Video gambling going mainstream
by bob okon firstname.lastname@example.org February 9, 2013 1:58AM
Owner Daisy Slaboszewski (left) and Bryan Nyssen (right) stand next to video gambling machines in Hot Pan Noodles & Dumplings Thursday, Feb. 7, 2013, at 2302 Essington Rd. in Joliet. | Matthew Grotto~Sun-Times Media
Updated: March 11, 2013 6:27AM
Video gambling is growing, and it will be moving closer to potential customers in Joliet this year.
Gamblers in December wagered $900,000 at video poker machines at seven Joliet bars and restaurants. It’s a number that has been growing since video gambling started in September and more bars have been getting the machines.

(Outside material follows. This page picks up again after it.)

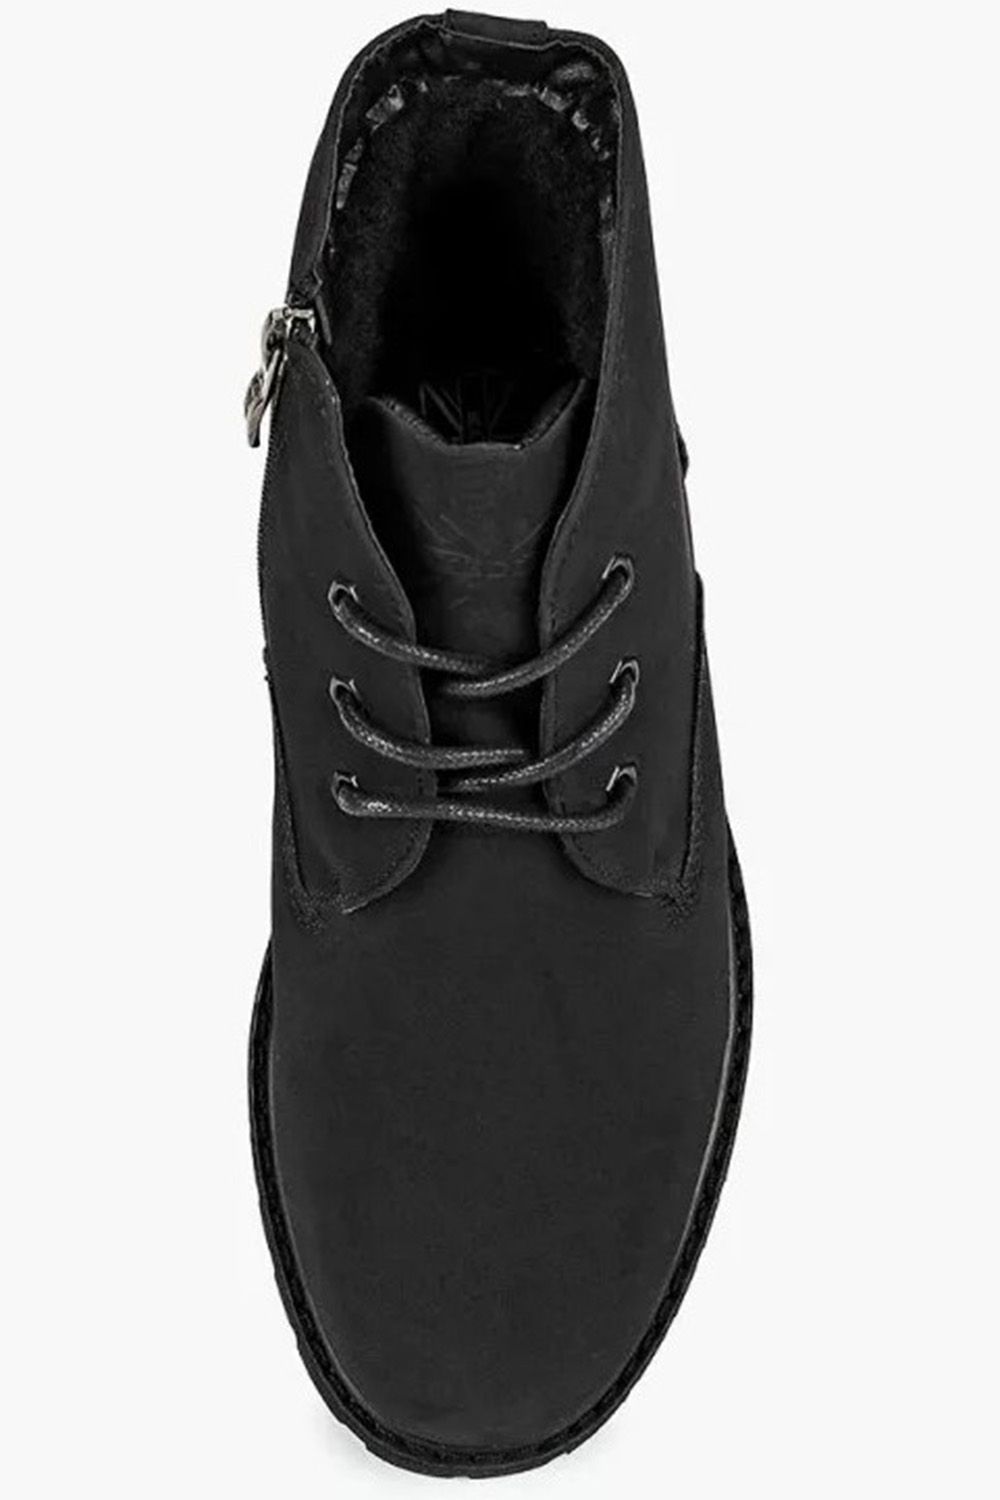 Ботинки Keddo, размер 40, цвет черный 588139/03-03 - фото 3

And, it’s a number that’s likely to keep growing, not only because more bars will get the machines. A new breed of business is being brought to Joliet to attract people, women in particular, who may not go into casinos or bars to gamble.
These storefront gambling parlors will have the names Betty’s Bistro, Penny’s Place and Bonny’s with the apparent aim of attracting female customers. All of them will go into shopping centers with supermarkets. They will typically feature sandwich menus and serve beer and wine.
“They’re very upscale sandwich shops,” said Michael Hansen, a Joliet attorney representing a group that plans to open six storefront gambling parlors in Joliet and another in Crest Hill.
Hansen said the Blackhawk Restaurant Group, an Oabrook Terrace-based company created by an Oregon-based group to open video gambling bistros in Illinois, sees a market for the business in the Joliet area “that can really take off.” But the group is opening video gambling bistros in many areas of Illinois and other states that legalize video gambling, Hansen said.
The Joliet City Council last week approved three liquor licenses for the Blackhawk Restaurant Group at storefronts located outside the Wal-Mart Supercenter on Jefferson Street, near the Dominck’s store on Essington Road, and close to the newly opened Tony’s Finer Foods on Route 59.
Two days later, the city held a liquor hearing for Bonny’s, another storefront gambling parlor. Two Chicago businessmen want to open Bonny’s in the North Ridge Plaza, which includes the Ultra Foods store along Larkin Avenue. The Bonny’s license will go to the city council for a vote on March 4.
This new breed of video gambling does have one predecessor in Joliet.
Hot Pan, an Asian restaurant, has two video gambling machines in its storefront location a few doors down from a Dairy Queen. The restaurant is in the same Dominick’s-anchored shopping center where Blackhawk plans to open a Betty’s Bistro.
Unlike Betty’s Bistro, Hot Pan was already in business before video gambling became legal. And, the machines so far serve more as a sideline than the main attraction. The machines arrived in November, said Bryan Nyssen at Hot Pan, and gambling has grown slowly as people become aware that it’s there.
“We’ve had a lot of people come in and just drop $5 while they’re waiting for their carryout,” Nyssen said. Others will play while eating their dinner at the restaurant. Not many come in just to gamble, Nyssen said, but he does not mind if they do.
“We’ve got a few people who come in and don’t even by a drink. That’s OK,” he said.
The restaurant or bar that hosts the machines gets 35 percent of the profit, or gambler’s losses,
“So far, this has not been a substantial contributor to our income,” Nyssen said.
According to Illinois Gaming Board numbers, gamblers wagered $8,214 at Hot Pan in December, the most recent numbers available. Out of that amount, $1,089 was lost on the machines. Thirty percent of those losses were taxed. The remainder was profit split evenly between Hot Pan and the company that operates the machines.
The biggest video gambling location in Joliet now is Izzy’s, a bar on Theodore Street that became a test site for the machines and was one of the first in Illinois to get them.
Gamblers wagered $418,000 at the five machines at Izzy’s in December. The customers won $391,000, leaving $27,000 for profits and taxes.
Owner Alfonso “Izzy” Izquierdo said some new customers have come to his bar for video poker. But mostly, the regulars play the machines.
The extra income from the machines “is important to me,” he said, because it helps pay the bills and get ahead. I can survive without them. But it’s nice to have the extra to get ahead.”
Joliet Mayor Thomas Giarrante, also the city’s liquor commissioner, said many bars in town operate on slim profit margins. So, he has made it a policy not to allow the new bistro-style gambling parlors in the same strip mall where another bar is operating.
The mayor has heard from two other business people interested in opening storefront gambling bistros in Joliet. They have had trouble finding the right location, however.
“You’re right, they are earmarked to women,” Giarrante said. “That’s what I’ve been told by the people who have been in my office.”